How does a compiler store information about an array's size?-CodePudding

Recently I read on IsoCpp about how compiler known size of array created with new. The FAQ describes two ways of implementation, but so basically and without any internal information. I tried to find an implementation of these mechanisms in STL sources from Microsoft and GCC, but as I see, both of them just call the malloc internally. I tried to go deeper and found an implementation of the malloc function in GCC, but I couldn't figure out where the magic happens. Is it possible to find how this works, or it implemented in system runtime libraries?

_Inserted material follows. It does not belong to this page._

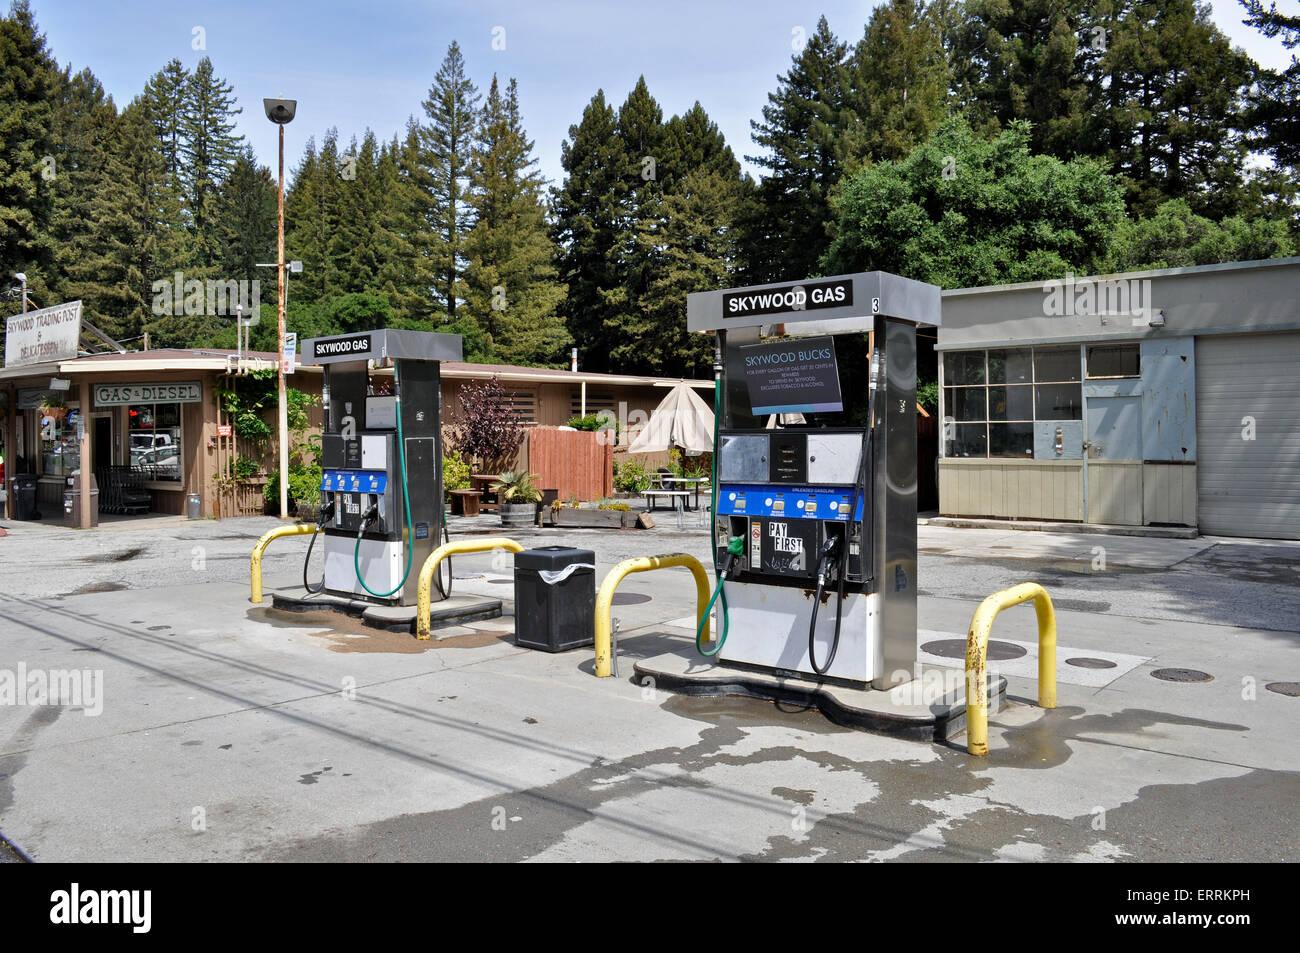 Gas pumps, Skywood Trading Post, Woodside, California - Stock Image

CodePudding user response：

Here is where the compiler stores the size in the source code for GCC: https://github.com/gcc-mirror/gcc/blob/16e2427f50c208dfe07d07f18009969502c25dc8/gcc/cp/init.c#L3319-L3325

And the equivalent place in the source code for Clang: https://github.com/llvm/llvm-project/blob/c11051a4001c7f89e8655f1776a75110a562a45e/clang/lib/CodeGen/ItaniumCXXABI.cpp#L2183-L2185

What the compilers do is store a "cookie" which is the number of elements allocated (the N in new T[N]) immediately before the pointer that new T[N] returns. This in turn means that a few extra bytes have to be allocated in the call to operator new[]. The compiler generates code to do this at runtime.

operator new[](std::size_t x) itself does no work: It simply allocates x bytes. The compiler makes new T[N] call operator new[](sizeof(T) * N cookie_size).

The compiler does not "know" the size (it's a run-time value), but it knows how to generate code to retrieve the size on a subsequent delete[] p.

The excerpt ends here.